AFP
An army tank shelled a funeral tent erected by the Southern Movement at a school in Yemen yesterday, killing 13 people, including children, a medic and witnesses said.
Tensions have run high in recent days in the formerly independent south, home to an increasingly assertive secessionist movement, raising fears that Al Qaeda’s powerful Yemen affiliate could exploit the growing unrest in the Arab world’s poorest country.
A long-running dispute over whether and how to grant the south limited autonomy has hindered the political transition following the 33-year rule of Ali Abdullah Saleh, who stepped down last year following Arab Spring-inspired protests.
“Thirteen people have died, among them three children” in yesterday’s attack, a medic from Al-Nasr hospital in the southern Daleh province said. Medics at other hospitals said more than 20 people were wounded, some critically.
Witnesses said an army tank had shelled the tent in Sanah, 300km south of the capital, with one saying that troops had kept firing “when we tried to hospitalise the casualties”, adding that “there are wounded victims still inside the tent.”
Witnesses later said the wounded were finally evacuated.
The Southern Movement—which is campaigning for autonomy or outright secession for the formerly independent south—had set up the tent for mourners paying condolences following the killing of a man during clashes with security forces on Monday.
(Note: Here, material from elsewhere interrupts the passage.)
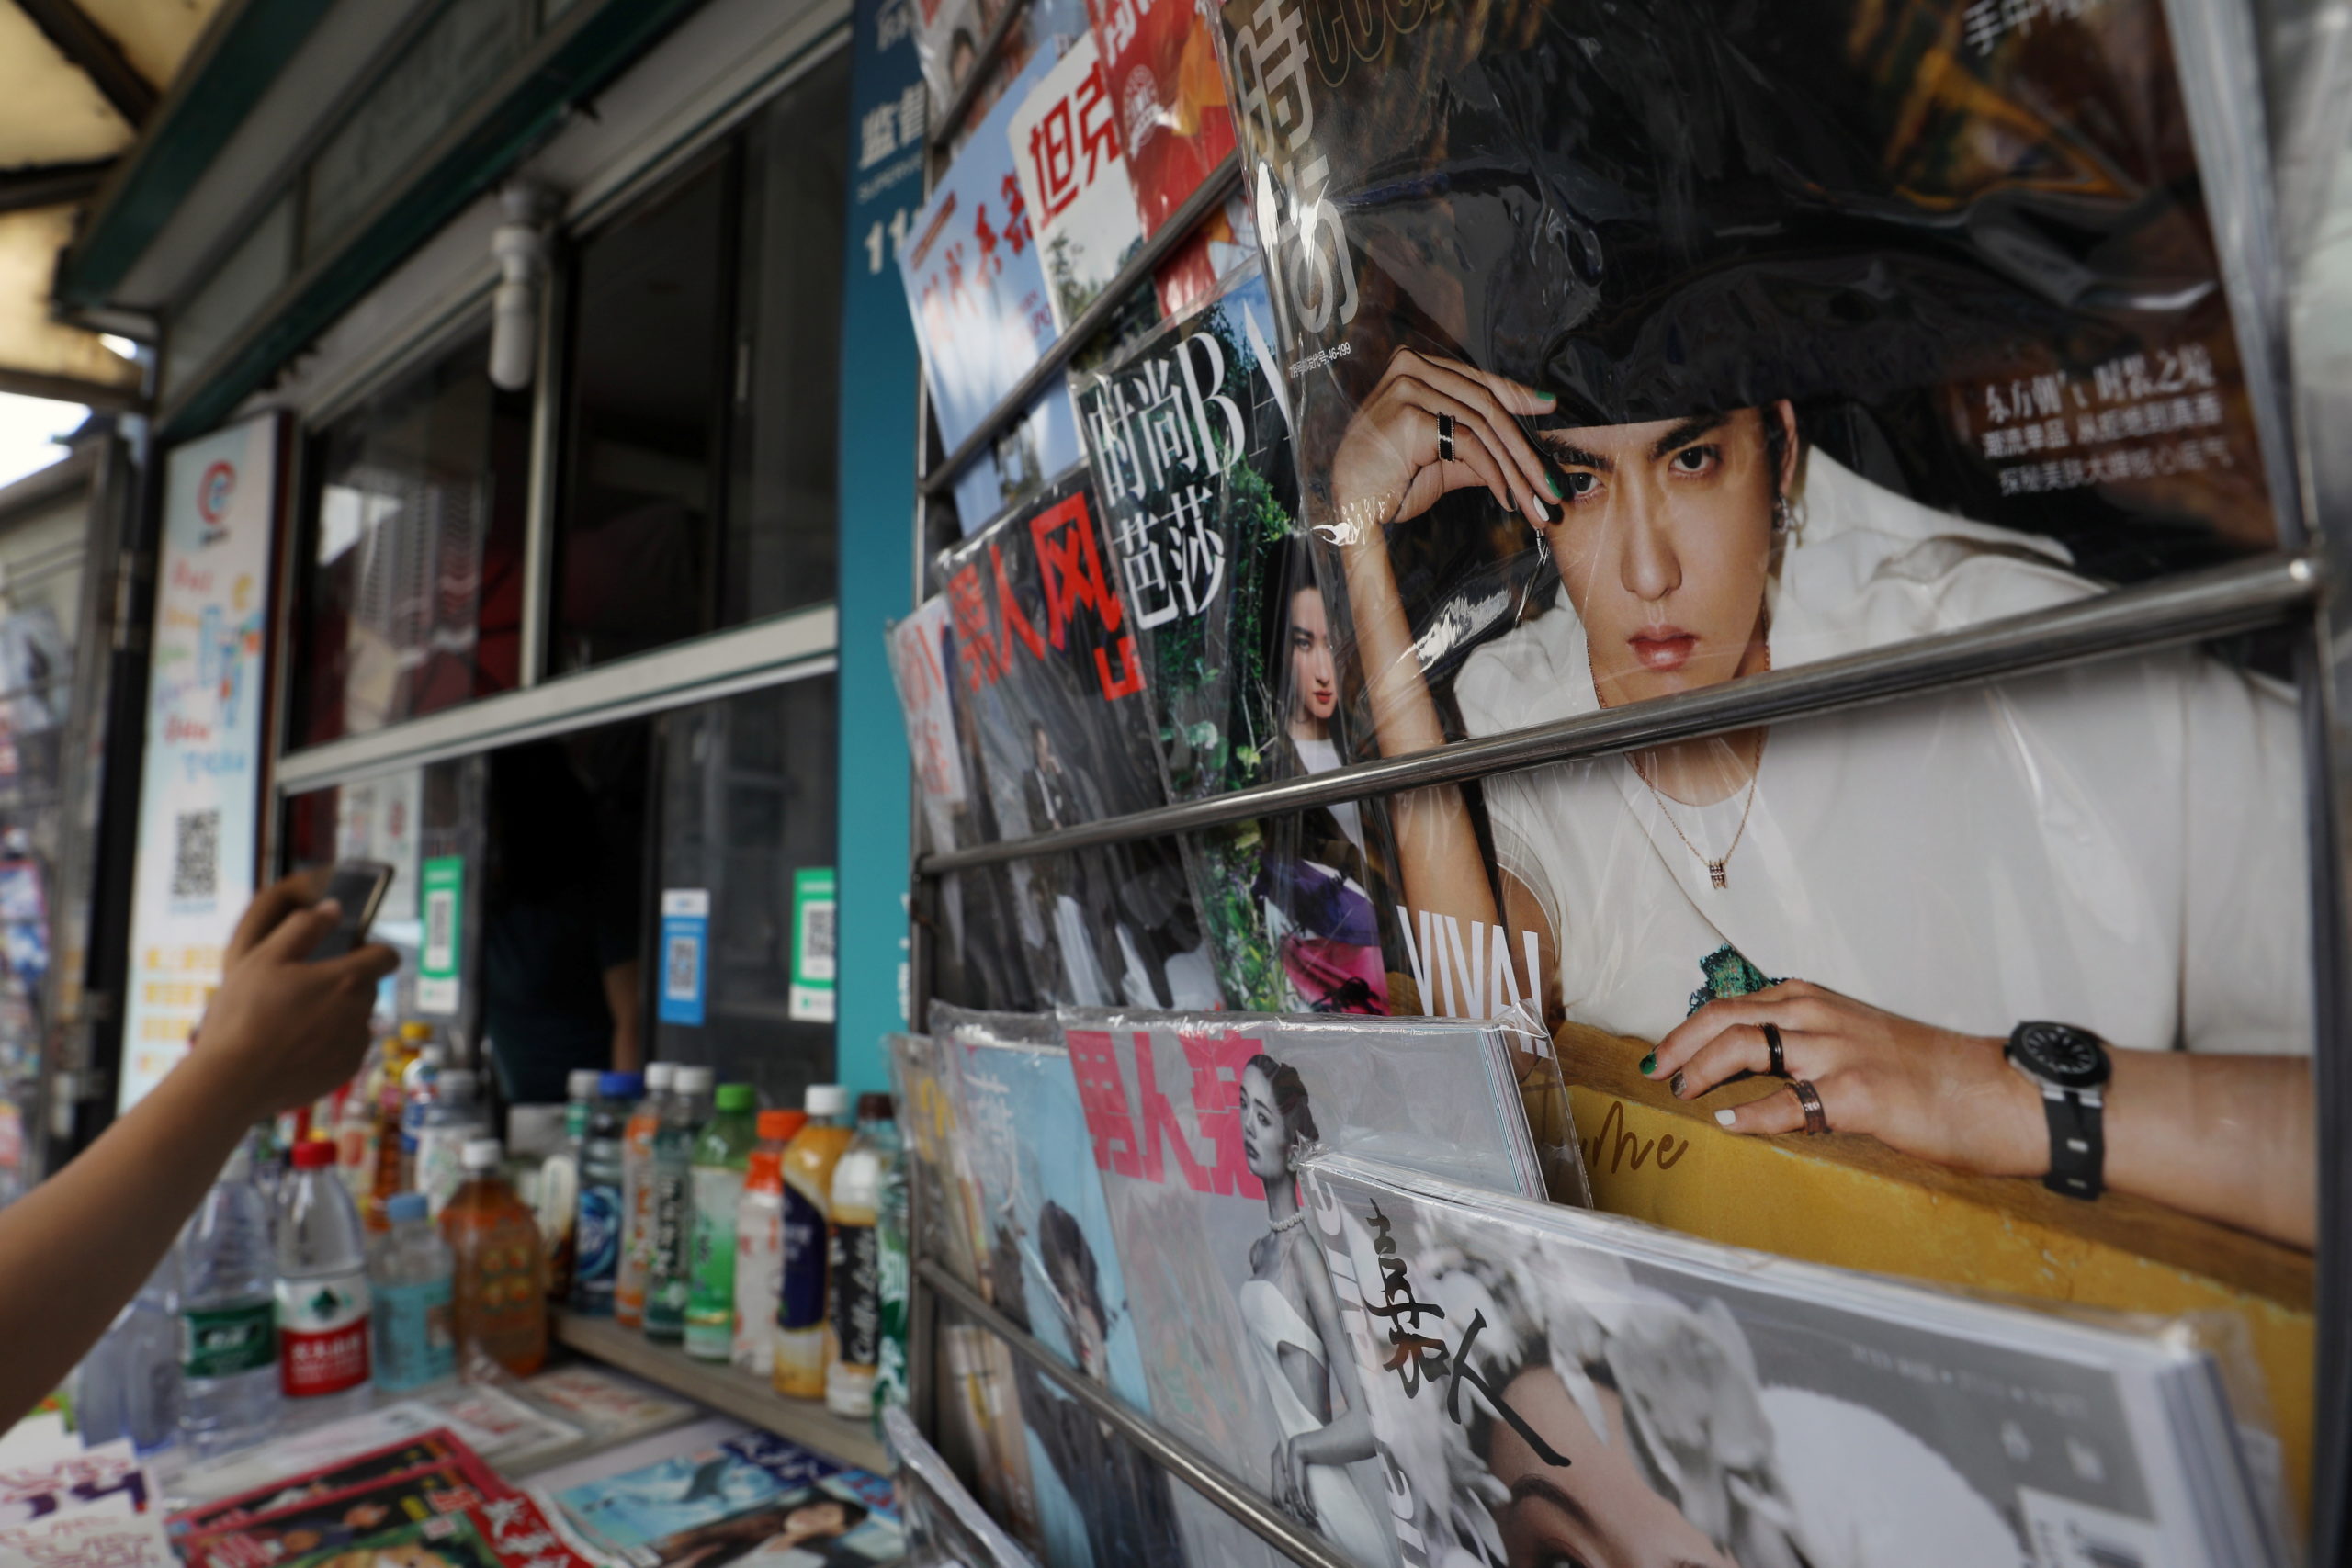 Singer-actor Kris Wu is seen on the cover of a fashion magazine at a newsstand in Beijing, China July 20, 2021. 
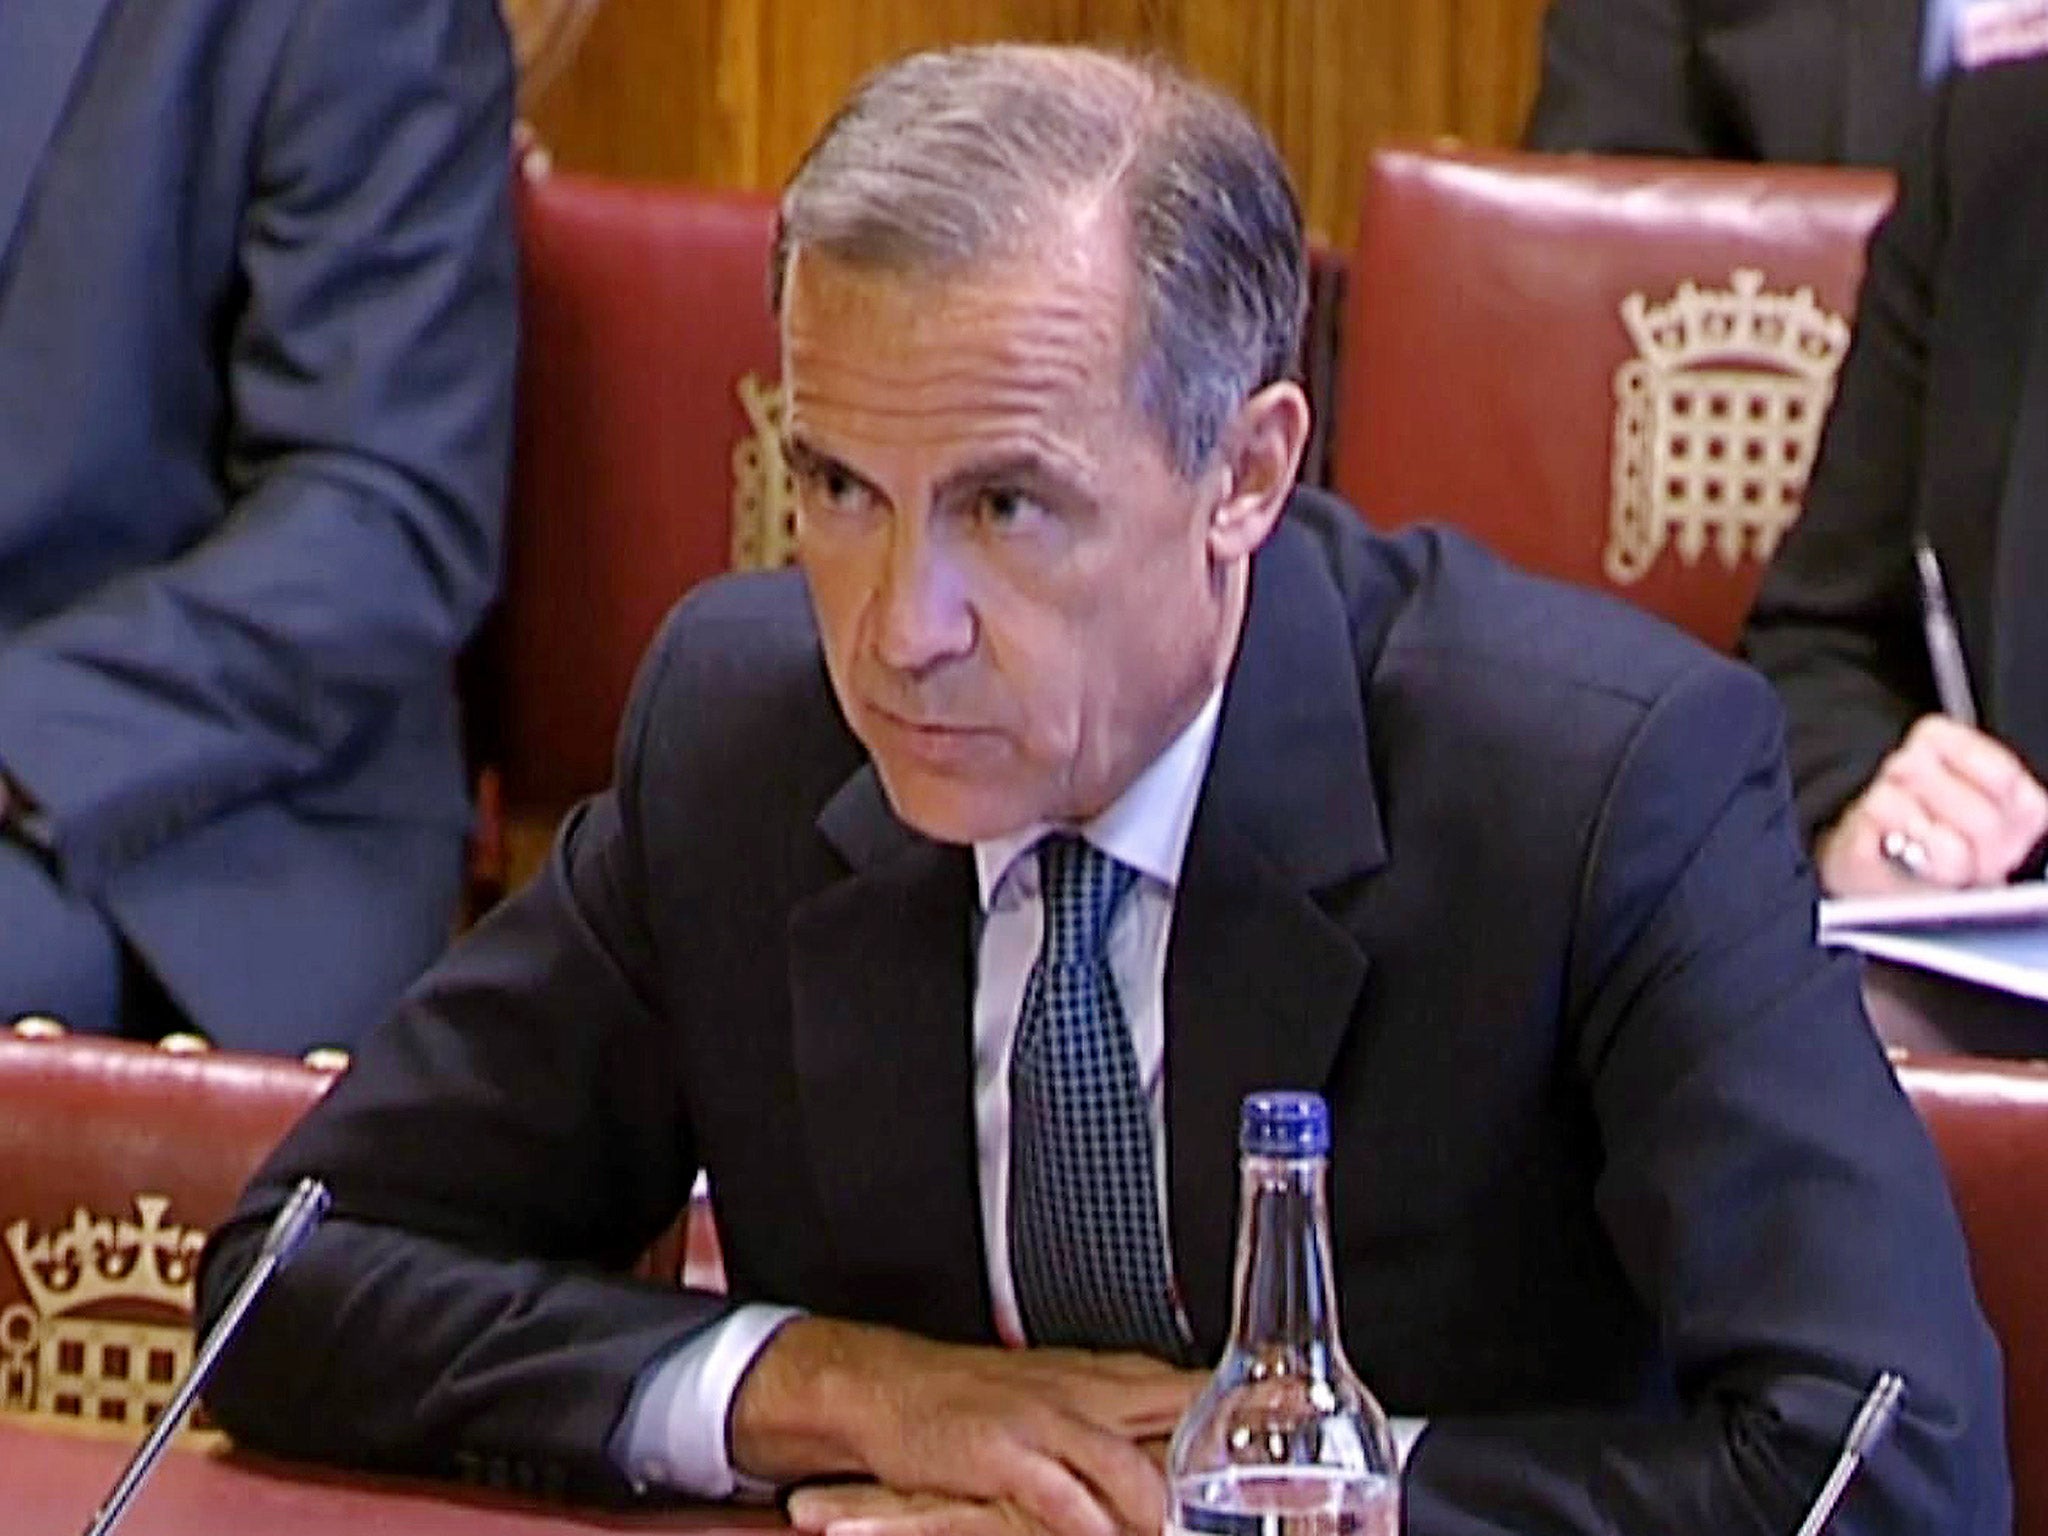 Mark Carney, Governor of the Bank of England, which may be making a decision on interest rates next week

The clashes in Daleh erupted when secessionists attempted to storm the governorate building to hoist the flag of the former South Yemen. The fighting left two Yemeni policemen and a civilian dead.
State news agency Saba quoted a top security official as saying that President Abd-Rabbu Mansour Hadi has formed a committee to investigate yesterday’s attack.
Violence has intensified in south Yemen amid anger over the killing of local tribal chief Said Ben Habrish and his bodyguards at an army checkpoint earlier this month after they refused to hand over their weapons. Two soldiers were also killed in the exchange.
On Thursday, gunmen killed four soldiers and wounded several others in an attack on an army checkpoint in the southeast Hadramout province, an Al Qaeda stronghold.
A security official said a cousin of South Yemen’s exiled president Ali Salem al-Baid was among the militants who assaulted the checkpoint, accusing the Southern Movement and the Hadramout tribal alliance of being behind the attack.
Baid leads a hardline faction of the Southern Movement that, alongside the tribal alliance, has launched protests over the death of Ben Habrish.
But a leader of the tribal alliance denied any involvement in the checkpoint attack.
The violence has sparked warnings by Yemeni officials that Al Qaeda in the Arabian Peninsula, blamed for most of the increasingly common hit-and-run strikes on military personnel and officials, could exploit the growing unrest in the south.